What you will do – Your job is to write out each record precisely as it stands.

Data in this exercise –
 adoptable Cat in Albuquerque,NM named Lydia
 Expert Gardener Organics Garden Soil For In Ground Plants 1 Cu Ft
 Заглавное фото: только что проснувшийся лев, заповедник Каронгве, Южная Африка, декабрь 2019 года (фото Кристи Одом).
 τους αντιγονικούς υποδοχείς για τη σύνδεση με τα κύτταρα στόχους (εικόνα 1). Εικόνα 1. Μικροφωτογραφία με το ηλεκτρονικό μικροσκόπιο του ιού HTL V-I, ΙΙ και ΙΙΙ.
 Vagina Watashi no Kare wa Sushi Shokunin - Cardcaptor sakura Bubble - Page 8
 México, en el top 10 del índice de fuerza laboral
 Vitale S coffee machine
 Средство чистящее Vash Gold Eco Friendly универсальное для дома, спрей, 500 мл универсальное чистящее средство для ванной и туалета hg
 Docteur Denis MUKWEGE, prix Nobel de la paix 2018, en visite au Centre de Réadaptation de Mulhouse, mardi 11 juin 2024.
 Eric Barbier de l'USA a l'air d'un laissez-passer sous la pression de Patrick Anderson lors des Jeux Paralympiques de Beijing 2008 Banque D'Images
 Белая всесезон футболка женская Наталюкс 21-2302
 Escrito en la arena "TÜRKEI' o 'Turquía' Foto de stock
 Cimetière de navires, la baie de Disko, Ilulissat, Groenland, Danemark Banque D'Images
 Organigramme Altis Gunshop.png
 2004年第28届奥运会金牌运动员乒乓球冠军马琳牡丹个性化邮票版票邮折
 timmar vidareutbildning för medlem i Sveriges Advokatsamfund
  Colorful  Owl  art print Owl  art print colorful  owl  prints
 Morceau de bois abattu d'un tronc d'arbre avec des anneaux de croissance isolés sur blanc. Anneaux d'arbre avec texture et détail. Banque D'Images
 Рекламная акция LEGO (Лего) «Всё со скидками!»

Exercise solution –
 adoptable Cat in Albuquerque,NM named Lydia
 Expert Gardener Organics Garden Soil For In Ground Plants 1 Cu Ft
 Заглавное фото: только что проснувшийся лев, заповедник Каронгве, Южная Африка, декабрь 2019 года (фото Кристи Одом).
 τους αντιγονικούς υποδοχείς για τη σύνδεση με τα κύτταρα στόχους (εικόνα 1). Εικόνα 1. Μικροφωτογραφία με το ηλεκτρονικό μικροσκόπιο του ιού HTL V-I, ΙΙ και ΙΙΙ.
 Vagina Watashi no Kare wa Sushi Shokunin - Cardcaptor sakura Bubble - Page 8
 México, en el top 10 del índice de fuerza laboral
 Vitale S coffee machine
 Средство чистящее Vash Gold Eco Friendly универсальное для дома, спрей, 500 мл универсальное чистящее средство для ванной и туалета hg
 Docteur Denis MUKWEGE, prix Nobel de la paix 2018, en visite au Centre de Réadaptation de Mulhouse, mardi 11 juin 2024.
 Eric Barbier de l'USA a l'air d'un laissez-passer sous la pression de Patrick Anderson lors des Jeux Paralympiques de Beijing 2008 Banque D'Images
 Белая всесезон футболка женская Наталюкс 21-2302
 Escrito en la arena "TÜRKEI' o 'Turquía' Foto de stock
 Cimetière de navires, la baie de Disko, Ilulissat, Groenland, Danemark Banque D'Images
 Organigramme Altis Gunshop.png
 2004年第28届奥运会金牌运动员乒乓球冠军马琳牡丹个性化邮票版票邮折
 timmar vidareutbildning för medlem i Sveriges Advokatsamfund
  Colorful  Owl  art print Owl  art print colorful  owl  prints
 Morceau de bois abattu d'un tronc d'arbre avec des anneaux de croissance isolés sur blanc. Anneaux d'arbre avec texture et détail. Banque D'Images
 Рекламная акция LEGO (Лего) «Всё со скидками!»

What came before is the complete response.